In Dan in Real Life, Dan Burns is a newspaper advice columnist, a widower, and a father of three daughters in the New Jersey suburbs. One day Dan and his children take a trip to the Rhode Island home of his parents for their annual family get together. After they arrive at the large house, situated on a bluff overlooking the bay, Dan takes some time off and goes to a local bookstore. There he meets a woman named Marie who mistakes Dan for an employee. He then proceeds to gather up several books for her, and in the process, hits it off with her. Suddenly love blossoms.

When Dan arrives back at the house, he lets his family know that he has found a potentially very special person. They are thrilled to hear this since it has been three years since he lost his wife. However, a short while later, his brother’s new girl friend arrives on the scene, and it turns out to be none other than Marie! She too was on her way to the family get together when she met Dan at the bookstore.

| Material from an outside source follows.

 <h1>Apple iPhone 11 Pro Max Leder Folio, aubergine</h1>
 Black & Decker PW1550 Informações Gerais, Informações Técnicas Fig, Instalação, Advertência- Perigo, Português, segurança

There then begins a tense situation in which his brother and Marie are somewhat romantically interacting at the home, even as Dan is now has fallen in love with her. After several days, the situation becomes unbearable for both. Because he appears so miserable, Dan’s mother suggests that he call up a local girl on a blind date and ask her to come to the gathering. When the rest of the group learns that she is coming, they recall that she was a physically unattractive young girl, and so they begin mocking her for being an ugly duckling. At one point, they go as far as to launch into a rollicking, impromptu sing-along in which poke fun of "miss piggy face.” All except Dan, that is.

A few minutes later, so-called “piggy face” arrives at the house, and shockingly turns out to be a beautiful woman. Immediately, Dan and her are physically attracted to one another. As a result, Marie becomes very jealous, which has the further effect of turning the emerging, partial love she felt for Dan into a full-blown blossoming of her emotions. This in turn compels her to truly seek out the relationship with him, once she breaks off with his brother. In the end, Dan and Marie fall deeply love and are blissfully married.

The moral of the story? Because Dan did not give into and participate in the mocking sing-along of his soon to be arriving date “piggy face,” he attracted instead a beautiful woman. Furthermore, her arrival compelled Marie, the woman he loved, to commit to a relationship, which culminated in their marriage. That is the power of remaining positive in a negative situation -- in this case, in the face of social pressure to act falsely. The effect is that this person, the exception in the crowd, is propelled to the heights through complete emotional fulfillment. When we follow our own positive instincts and do not give into the social imperative of the herd, we release positive energies that attract the very best of conditions. In that way, we develop "true individuality," which tends to lure the infinite potentials of life in our direction.